PROVIDED MATERIAL section start

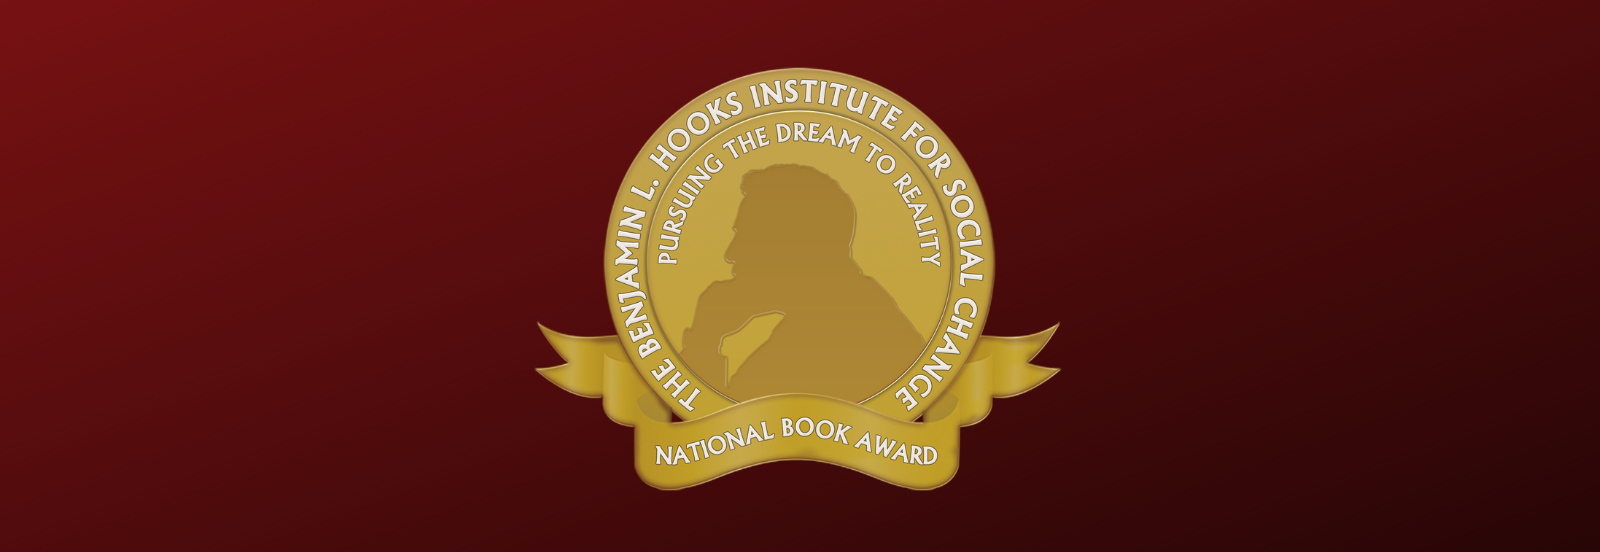 Hooks National Book Award
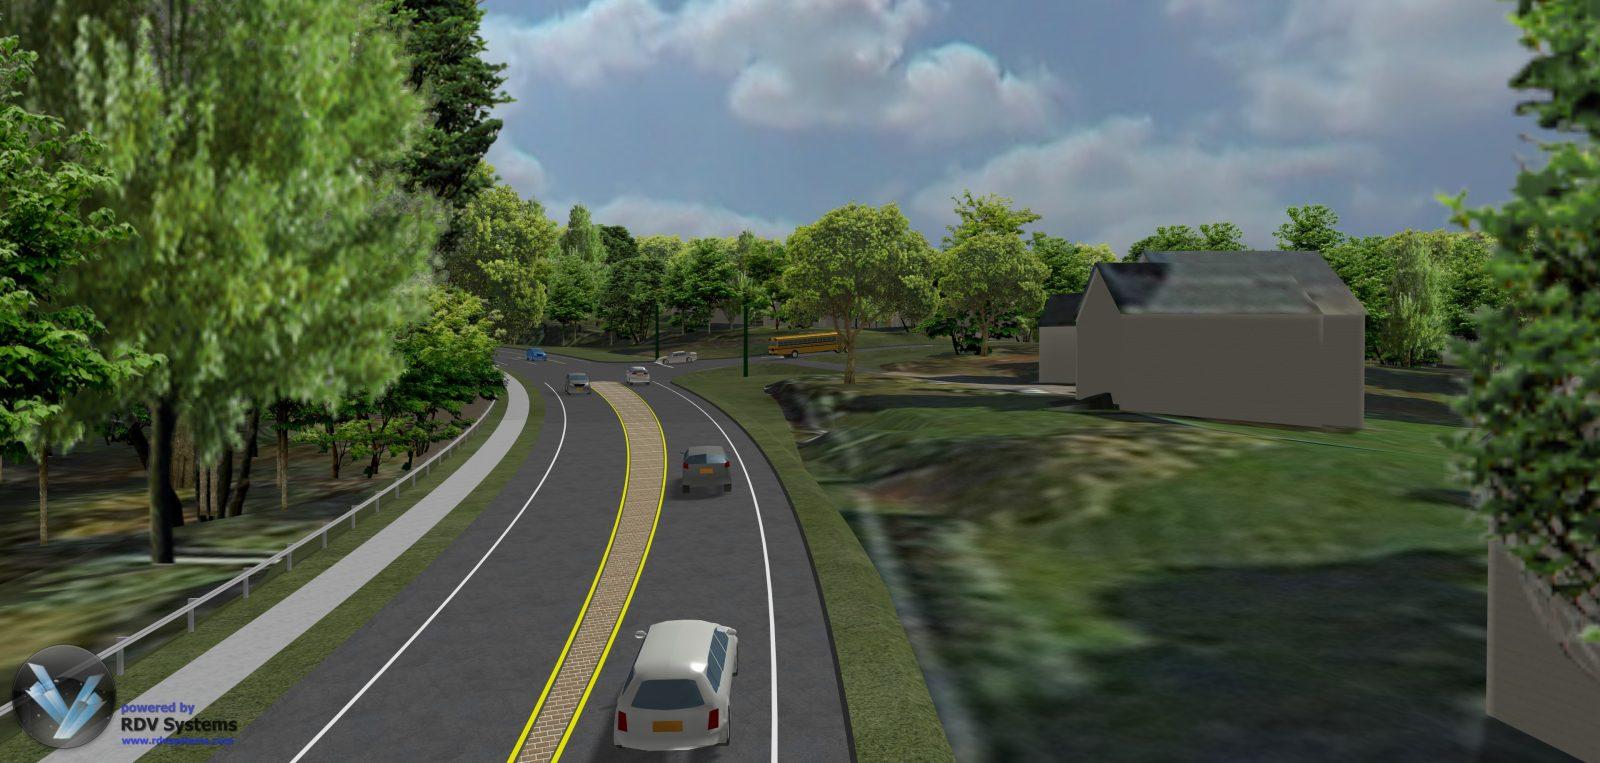 RDV Systems - Danbury Route 37 4
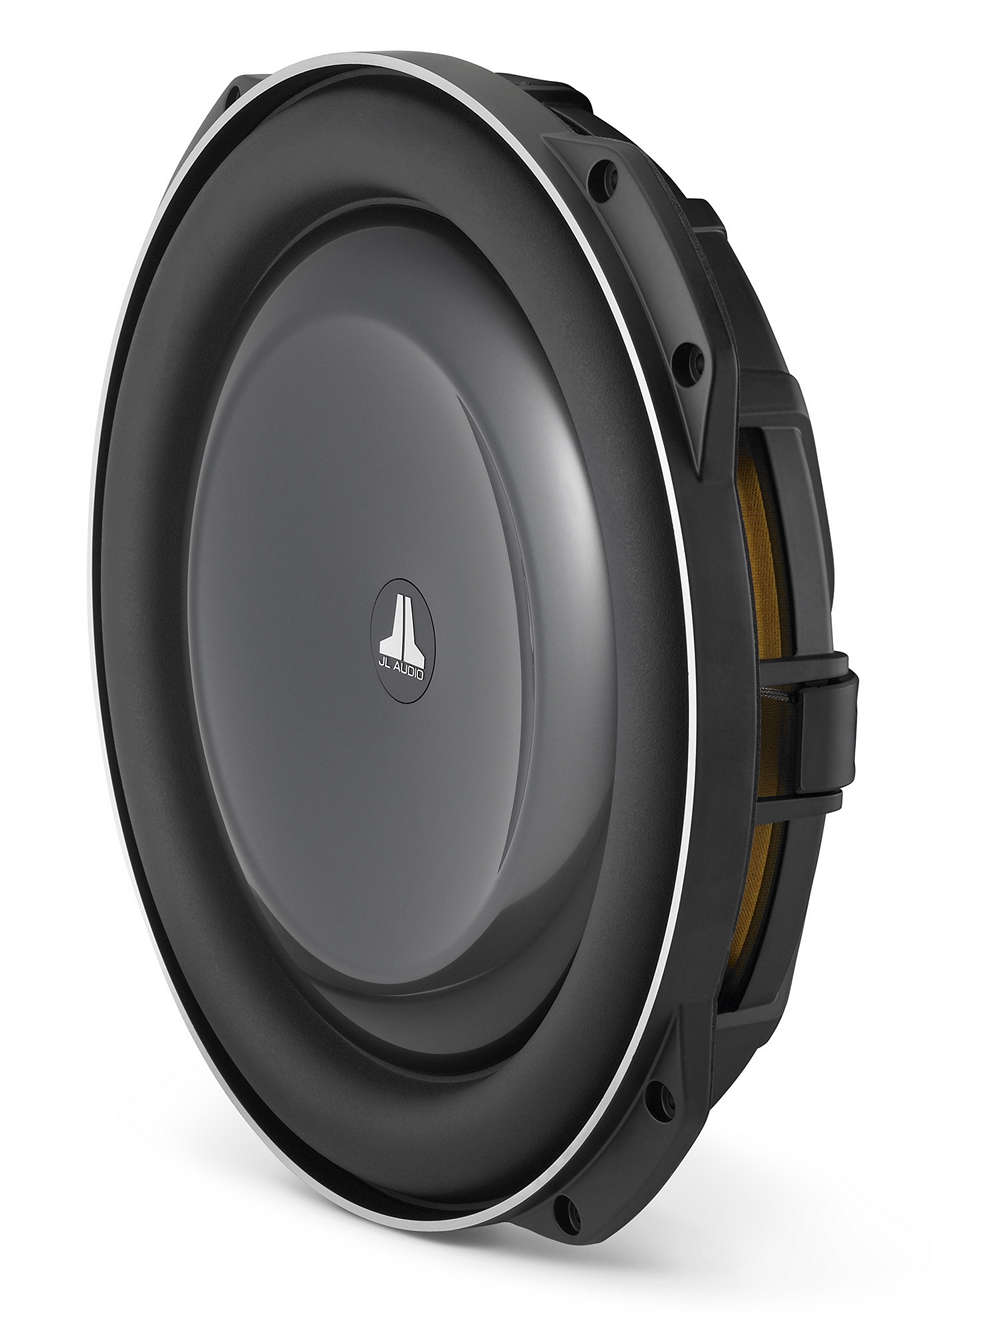 JL Audio 13TW5v2-4 | JL Audio | Subwoofer | ARS24.com
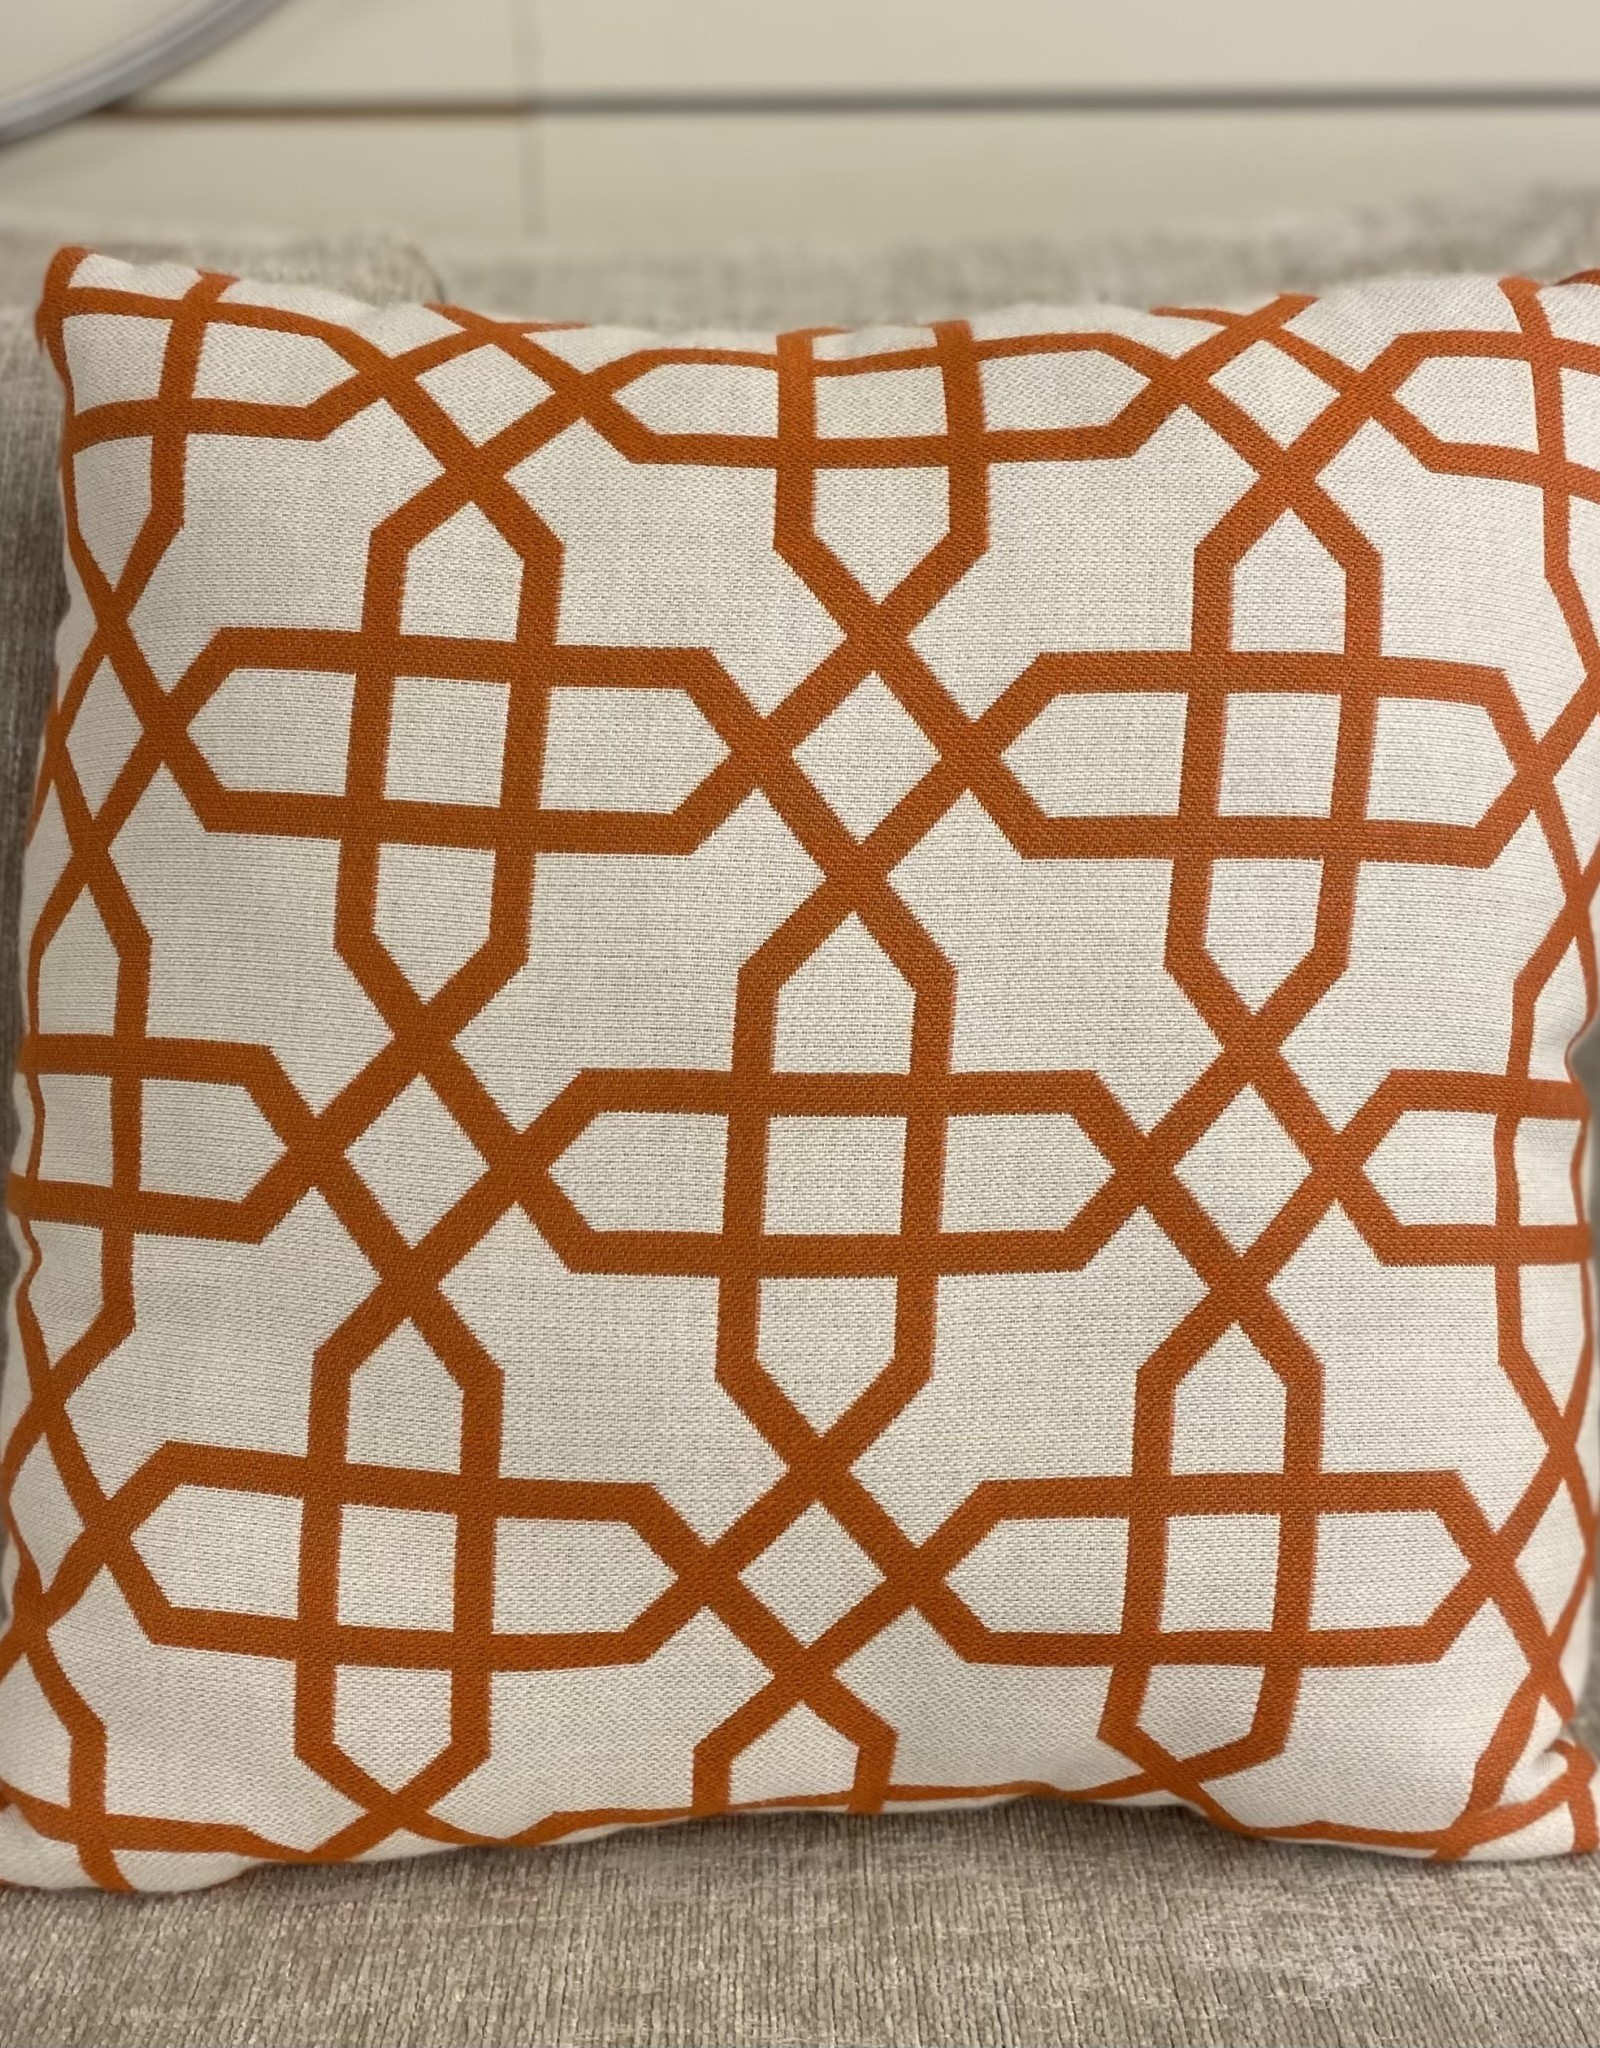 Ratana Cushions Ratana 16 inch Toss FO7074 Bevel Mandarin

PROVIDED MATERIAL section end

__WORK REQUEST__. Transcribe the material above word for word; images do not belong in the copy.

__EXERCISE ANSWER__.
 Hooks National Book Award
 RDV Systems - Danbury Route 37 4
 JL Audio 13TW5v2-4 | JL Audio | Subwoofer | ARS24.com
 Ratana Cushions Ratana 16 inch Toss FO7074 Bevel Mandarin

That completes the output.